Katharine Dormandy Haemophilia and Thrombosis Centre, Royal Free Hospital, London, UK.
Bristol Medical School Population Health Sciences, University of Bristol, Bristol, UK.
Haemophilia. 2018 Nov;24(6):988-994. doi: 10.1111/hae.13614. Epub 2018 Oct 8.
Comprehensive musculoskeletal assessment for monitoring joint health in haemophilia includes both physical assessment with Haemophilia Joint Health Score (HJHS) and assessment of self-reported function by Haemophilia Activities List (HAL).
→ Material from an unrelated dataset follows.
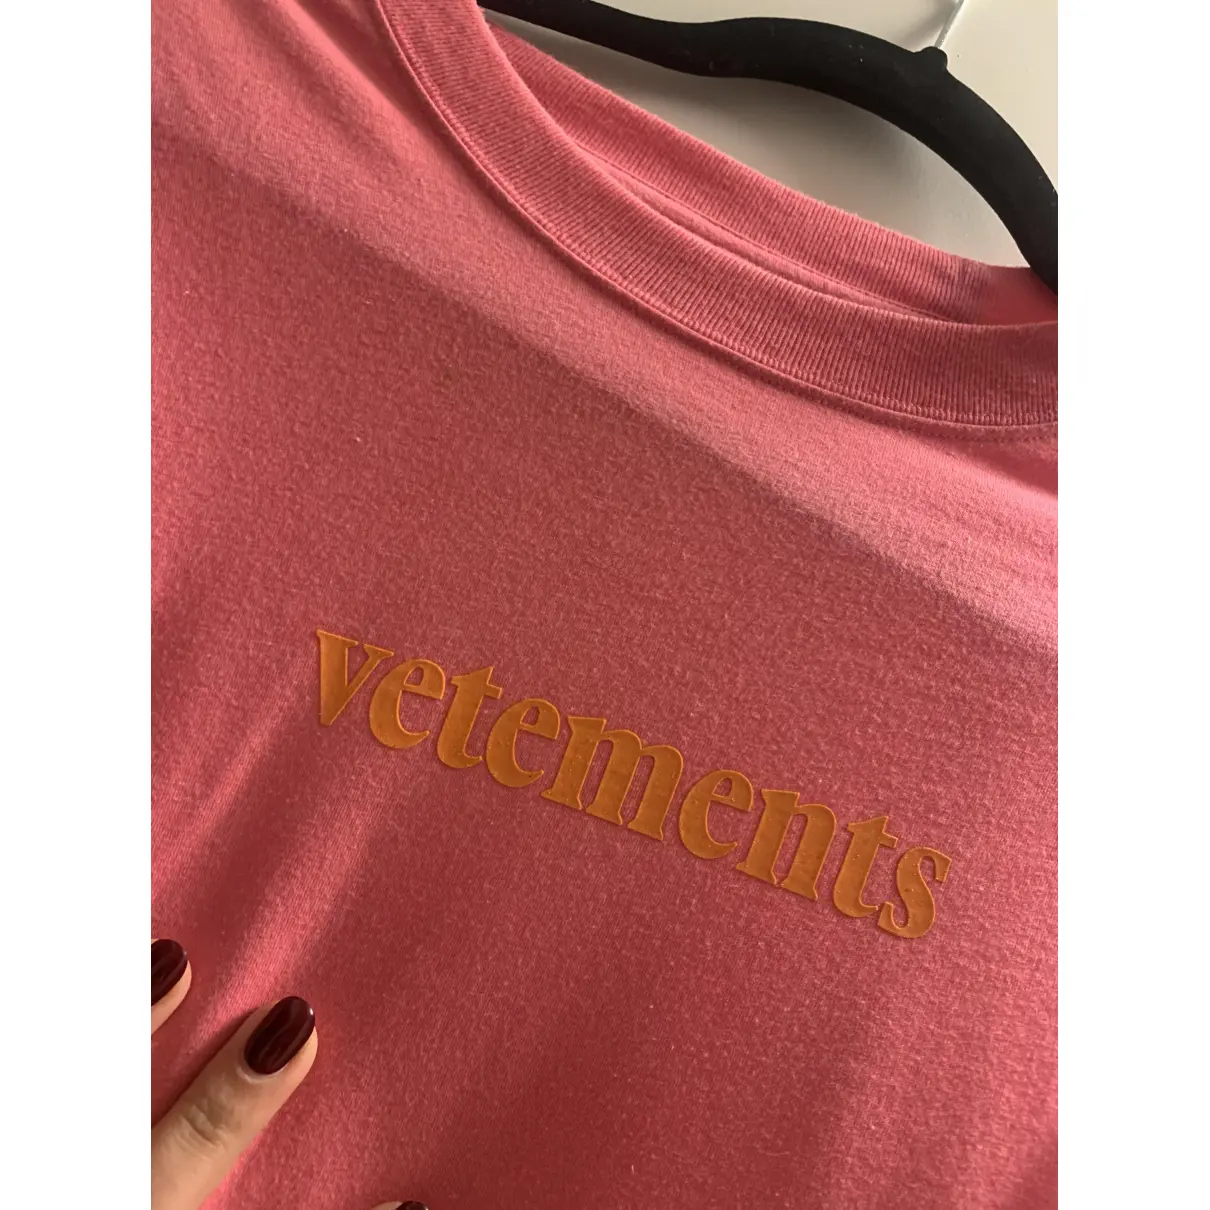 Buy Vetements Pink Cotton Top online

Correlation between physical assessment and joint function was undertaken between HJHS and HAL in patients with SHA and SHB who had both assessments at the same visit over a one-year period.
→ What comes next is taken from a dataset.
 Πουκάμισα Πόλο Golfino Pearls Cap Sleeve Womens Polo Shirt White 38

Data from 120 patients (96-SHA/24 = SHB) with a median age 33 years (range 19-73) were included. Median total HJHS was 19, increasing with age: 18-30 years-7, 31-50 years-25 and 51-73 years-44. Similarly, median total HAL score was 80 with decreased function associated with increasing age: 18-30 years-90.4, 31-59 years-71.7, 51-73 years-49.5. Median Total HJHS and HAL demonstrated strong correlation (r = 0.66, P < 0.01). Moderate-to-strong correlations were seen across the entire age group between the HJHS LL and UL subtotals and corresponding limb HAL domains. Within age groups, correlations were less significant particularly for the upper UL domains in HAL and the UL HJHS score. The wide range of ROM in joints categorized as markedly affected (ie, ROM loss score = 3) highlights the potential ceiling effect of this domain score and its use in chronically damaged joints.
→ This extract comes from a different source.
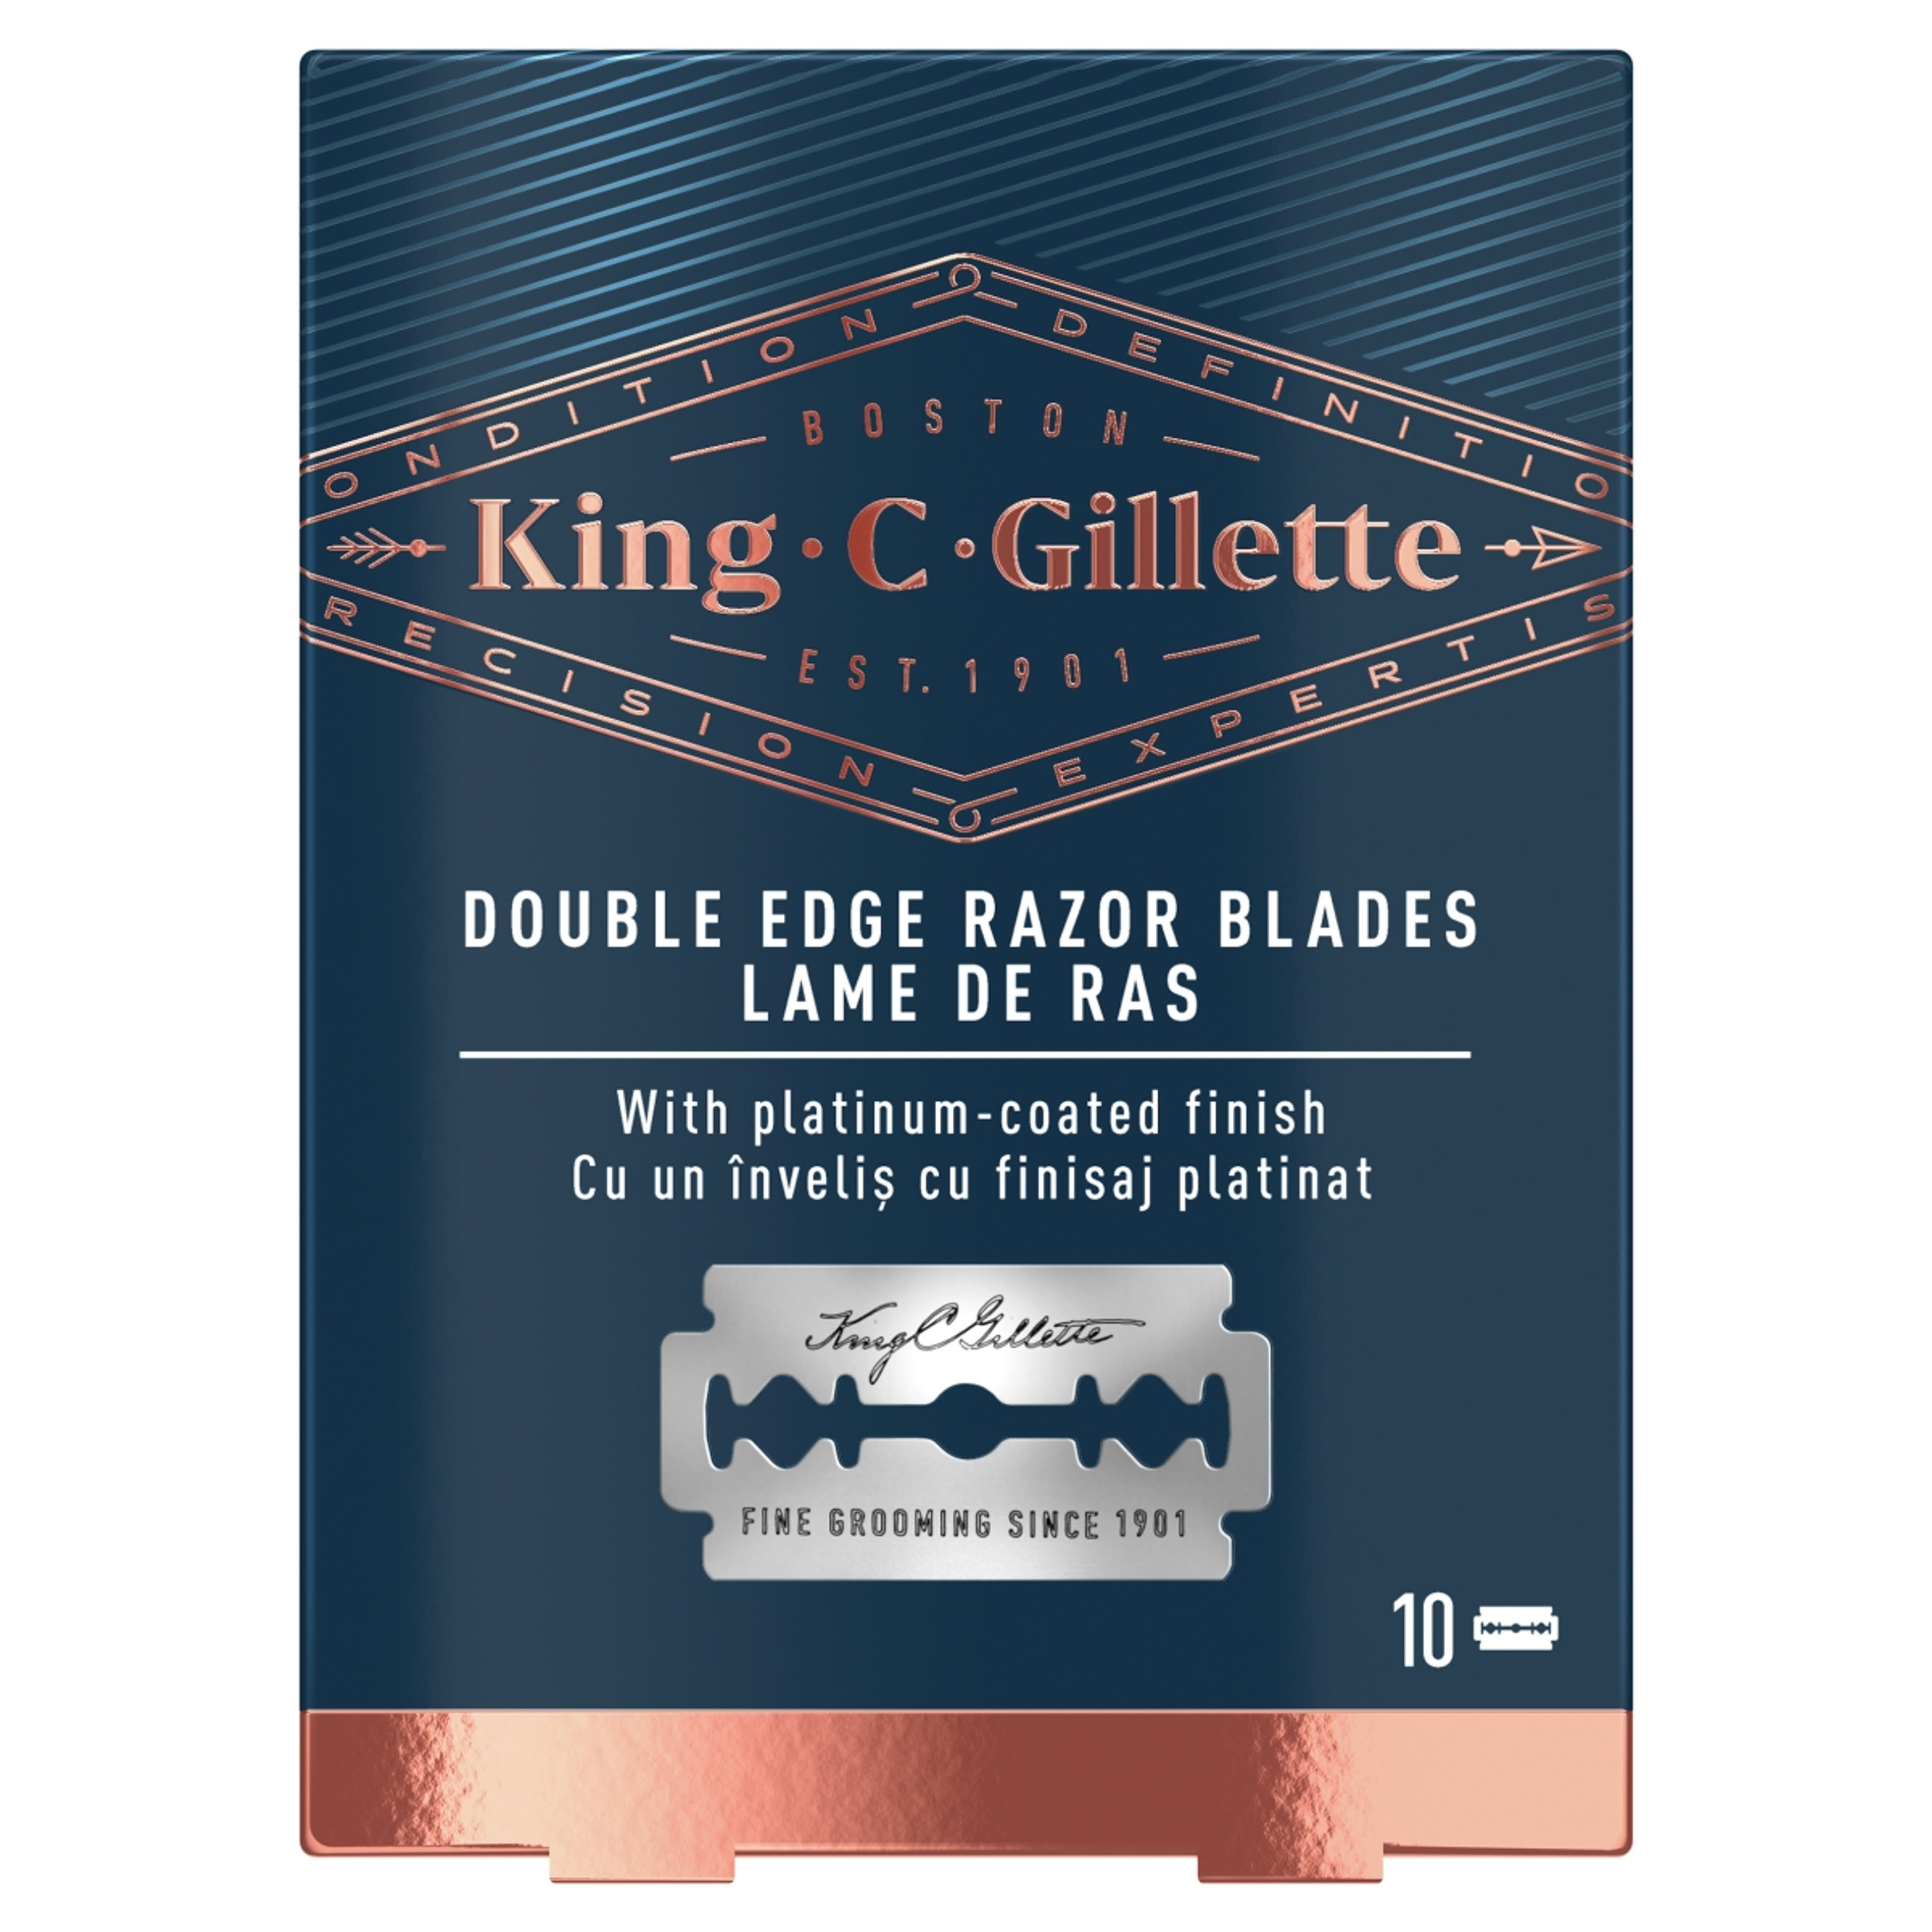 Gillette King C. Double Edge borotvabetét - 10 db

HJHS and HAL showed moderate-to-strong correlation with discrepancy in some individual patients. Prospective studies are required to better understand the clinical utility of both especially in severe joint disease where HAL may have a potential advantage.
监测血友病关节健康的综合肌肉骨骼评估包括使用血友病关节健康评分(HJHS)进行体格评估和使用血友病活动清单(HAL)评估自我报告的功能。
在同一访视期间对 SHA 和 SHB 患者进行这两项评估的情况下,对一年内同一访视时的 HJHS 和 HAL 进行体格评估与关节功能之间的相关性进行了评估。
纳入了 120 名患者(96 名-SHA/24 名=SHB)的数据,中位年龄为 33 岁(范围 19-73 岁)。中位总 HJHS 为 19 分,随年龄增加而增加:18-30 岁-7 分,31-50 岁-25 分,51-73 岁-44 分。同样,中位总 HAL 评分为 80 分,功能下降与年龄增加相关:18-30 岁-90.4 分,31-59 岁-71.7 分,51-73 岁-49.5 分。中位总 HJHS 和 HAL 显示出很强的相关性(r = 0.66,P < 0.01)。在整个年龄组中,HJHS LL 和 UL 亚总分与相应的肢体 HAL 域之间均显示出中度至强相关性。在年龄组内,相关性不显著,尤其是在 HAL 的上 UL 域和 HJHS UL 评分中。归类为明显受损的关节的 ROM 范围很广(即,ROM 损失评分=3)突出了该域评分的潜在上限效应及其在慢性受损关节中的应用。
HJHS 和 HAL 显示出中度至强相关性,但在一些个别患者中存在差异。需要进行前瞻性研究,以更好地了解这两种方法的临床实用性,特别是在严重关节疾病中,HAL 可能具有潜在优势。